Irene Hernández Velasco entrevista en El Mundo a Guillermo Arenas, profesor de Derecho Constitucional en la Universidad de Paris Nanterre. Una conversación muy interesante sobre los dos políticos que se enfrentan el domingo en las elecciones presidenciales francesas. Arenas explica los motivos del éxito de Marine Le Pen, que conseguirá en la segunda vuelta el mejor resultado alcanzado nunca por el Frente Nacional:

“Es evidente que la sociedad francesa muestra un profundo y generalizado rechazo hacia la globalización, un rechazo que en mi opinión es social y se dirige sobre todo a la globalización de un modelo anglosajón de sociedad. La sociedad francesa no está cómoda con una sociedad en la que aumenta el multiculturalismo y en las que hay barrios en los que viven comunidades enteras no francesas. Hay un malestar profundo en Francia con todo eso. Y el discurso xenófobo y racista del FN ha encontrado en este fenómeno del multiculturalismo y la globalización una caja de resonancia importante. Eso, unido a la injerencia monetaria europea y a las dudas sobre el libre comercio, al retorno de las ideas proteccionistas, ha hecho que el FN tenga en esos momentos una capacidad de seducción enorme. Antes, el voto al FN era un voto de protesta, ahora es un voto de adhesión”.

Arenas cree que Emmanuel Macron será un presidente frágil, porque la mayor parte del apoyo que recibirá será un voto contra Le Pen. ¿Cuáles son sus ideas y en quién se apoyará para aplicarlas como presidente? El profesor francés comenta que Macron es un producto de las circunstancias del momento. Estas elecciones parecían condenadas a una victoria fácil de la derecha con un candidato como Fillon favorito para derrotar a Le Pen en la segunda vuelta. Su hundimiento ha permitido la aparición de Macron, de 39 años, al que Arenas compara con un personaje histórico proclamado emperador de Francia con 35 años. Napoleón, claro.

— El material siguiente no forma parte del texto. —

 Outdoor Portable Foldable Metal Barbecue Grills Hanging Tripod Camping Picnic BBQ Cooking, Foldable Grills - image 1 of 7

“Si sale elegido, será el presidente de la República Francesa más joven desde Napoleón. Macron será una especie de Napoleón IV. Francia es un país con una mitología muy arraigada de culto a los hombres jóvenes y con éxito. Y yo creo que Macron ha jugado a ser ese personaje. Como Napoleón, del que se decía que la edad media de sus generales era de 27 años, Macron se ha rodeado de un equipo de colaboradores jóvenes y ambiciosos, procedentes muchos del mundo de la comunicación, que nos han vendido a Macron como si fuese un yogur o un paquete de detergente, dejando su programa muy velado. De hecho, no hemos conocido su programa hasta muy tarde, en una operación que me recordaba a las de aquellas marcas que tratan de crear expectativa entre los consumidores. Macron me parece que es alguien que considera la victoria electoral como un fin, no como un medio. Justo como Napoleón”.

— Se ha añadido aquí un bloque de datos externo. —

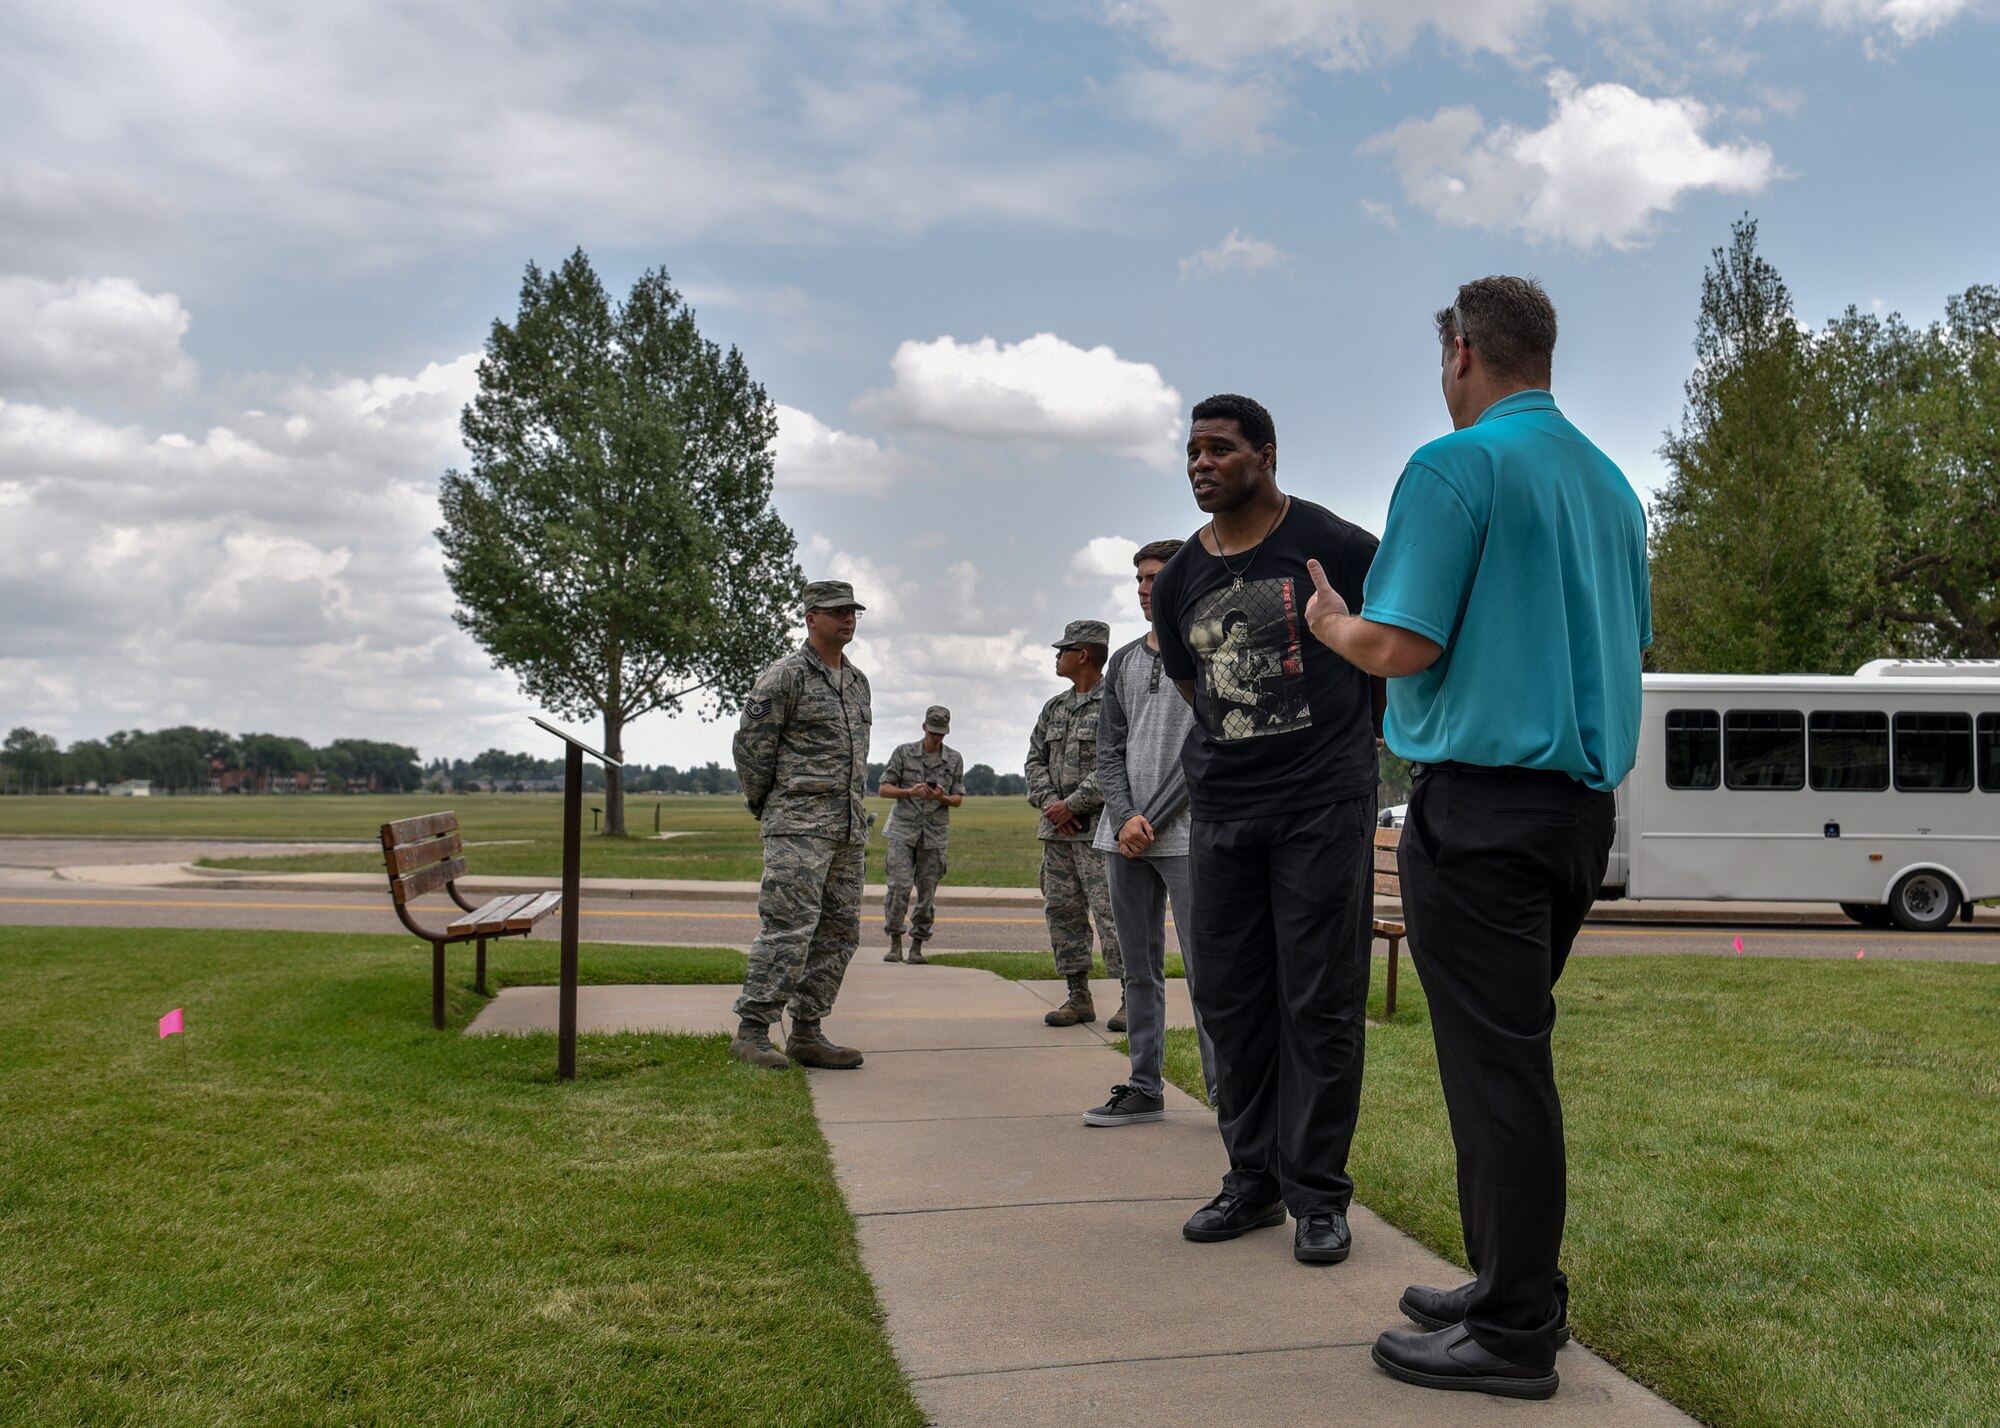 Herschel Walker, 1982 Heisman Trophy winner, listens to Glenn Robertson, 90th Missile Wing tour guide, during a tour of F.E. Warren Air Force Base, Wyo., Aug. 14, 2018. During the tour, Walker learned about the rich history of F.E. Warren AFB. (U.S. Air Force photo by Airman 1st Class Braydon Williams)

Ganar la presidencia sólo será la primera mitad del trabajo. En junio, se celebran elecciones legislativas, y ahí Macron tendrá que construir un partido desde cero, no un simple movimiento político para llevarle a él a lo más alto. Ya hay una encuesta, de OpinionWay-SLPV, que hace una predicción algo prematura para esos comicios. El partido de Macron podría obtener entre 249 y 286 escaños. La derecha, ahora sin líder, entre 200 y 210. El FN, de 15 a 25. En la izquierda, los socialistas se quedarían entre 28 y 43 en su peor resultado de siempre, y el partido de Mélenchon tendría sólo entre seis y ocho.

Los resultados se verían condicionados por los pactos de los partidos y decisiones de los votantes para la segunda ronda, lo que hace ciertamente especulativa cualquier predicción en estos momentos. El movimiento de Macron ha dicho que presentará candidato en las 577 circunscripciones, pero ahora sólo se conoce el nombre de un puñado de ellos.